The problem is that SNMP entry is of type "TIMETICKS", which is interpreted by the BER.pm module as an "uptime statistic". When I run that one, here's what the mrtg logfile looks like afterwards:
893639038 9 days, 8:48:06 9 days, 8:48:06 893639038 0 0 0 0 893638500 0 0 0 0 893638200 0 0 0 0
Ouch! The second time I run mrtg it fails with a "corrupt logfile" error (for good reason, that's corrupt all right!).
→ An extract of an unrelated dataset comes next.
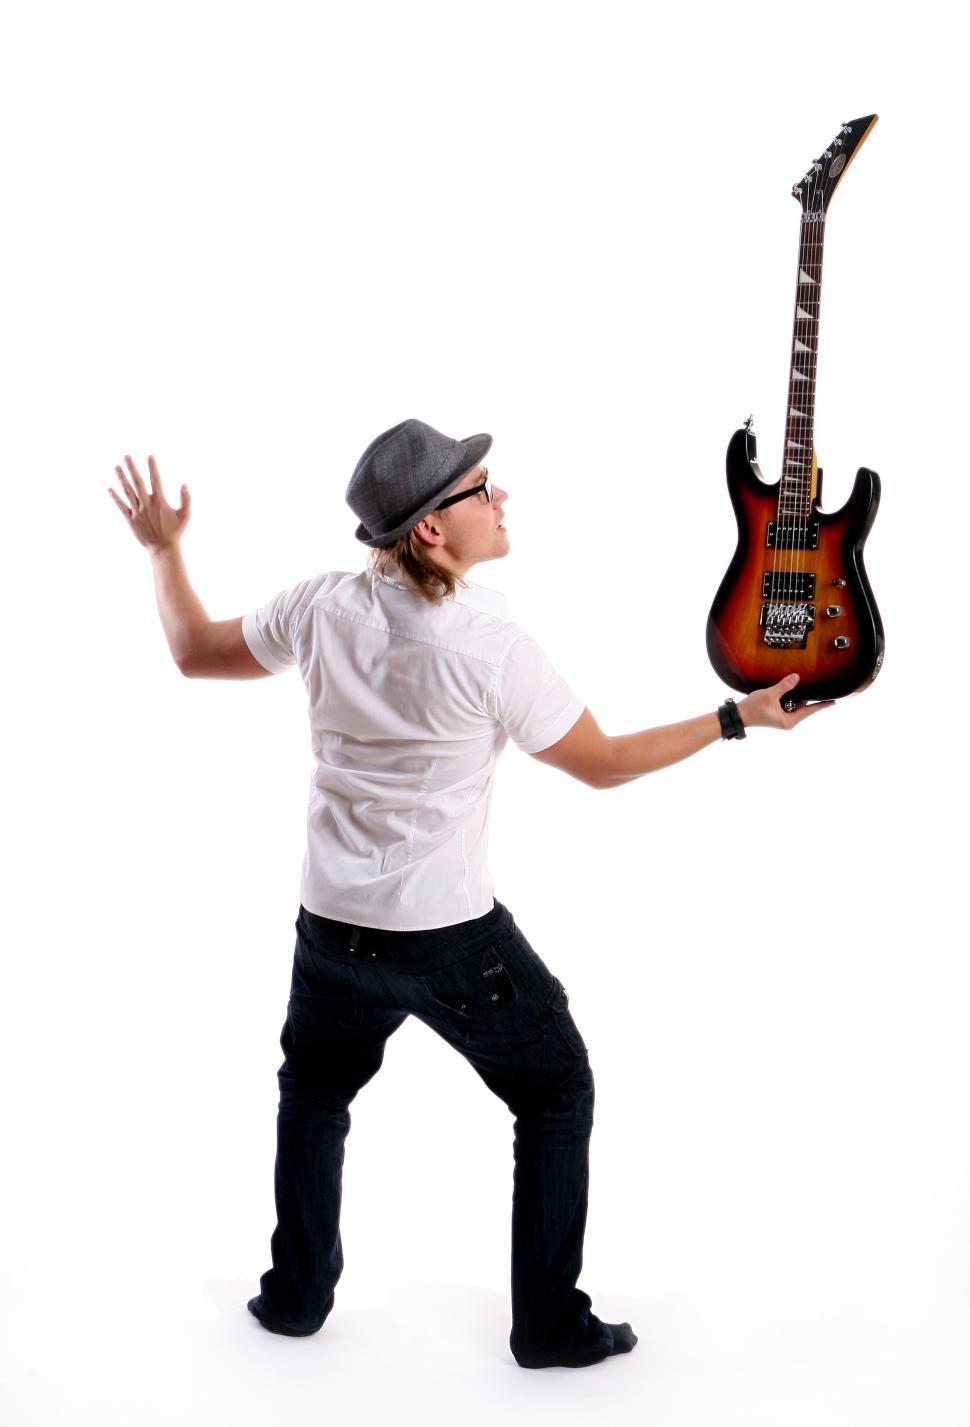 Free Image of Musician balancing a guitar

Here's the output of mrtg with the DEBUG level set at 8:
SNMPGET OID: 1.3.6.1.2.1.1.3.0 SNMPGET OID: 1.3.6.1.2.1.1.5.0 1.3.6.1.4.1.789.1.2.1.4.0&1.3.6.1.4.1.789.1.2.1.4.0:public@fs11 --> in: 9 days, 8:48:06 out: 9 days, 8:48:06 name: fs11.nas.nasa.gov getting SNMP variables for target: 1:public@fs12 snmpget: ifInOctets.1 ifOutOctets.1 fs12 public SNMPGET OID: 1.3.6.1.2.1.2.2.1.10.1 SNMPGET OID: 1.3.6.1.2.1.2.2.1.16.1
Now, here's the part of the BER.pm source code which decodes the SNMP reply:
sub pretty_print ($) { my ($packet) = @_; my ($type,$rest); my $result = ord (substr ($packet, 0, 1)); return pretty_intlike ($packet) if $result == int_tag; return pretty_unsignedlike ($packet) if $result == snmp_counter32_tag || $result == snmp_gauge32_tag; return pretty_string ($packet) if $result == octet_string_tag; return pretty_oid ($packet) if $result == object_id_tag; ###THIS LINE return pretty_uptime ($packet) if $result == uptime_tag; ###THIS LINE return pretty_ip_address ($packet) if $result == snmp_ip_address_tag; return "(null)" if $result == null_tag; return "#<unprintable BER type $result>"; }
The "pretty_uptime" subroutine is about what you'd expect, converting the ticks to "up for 4 days 3 hours..." format.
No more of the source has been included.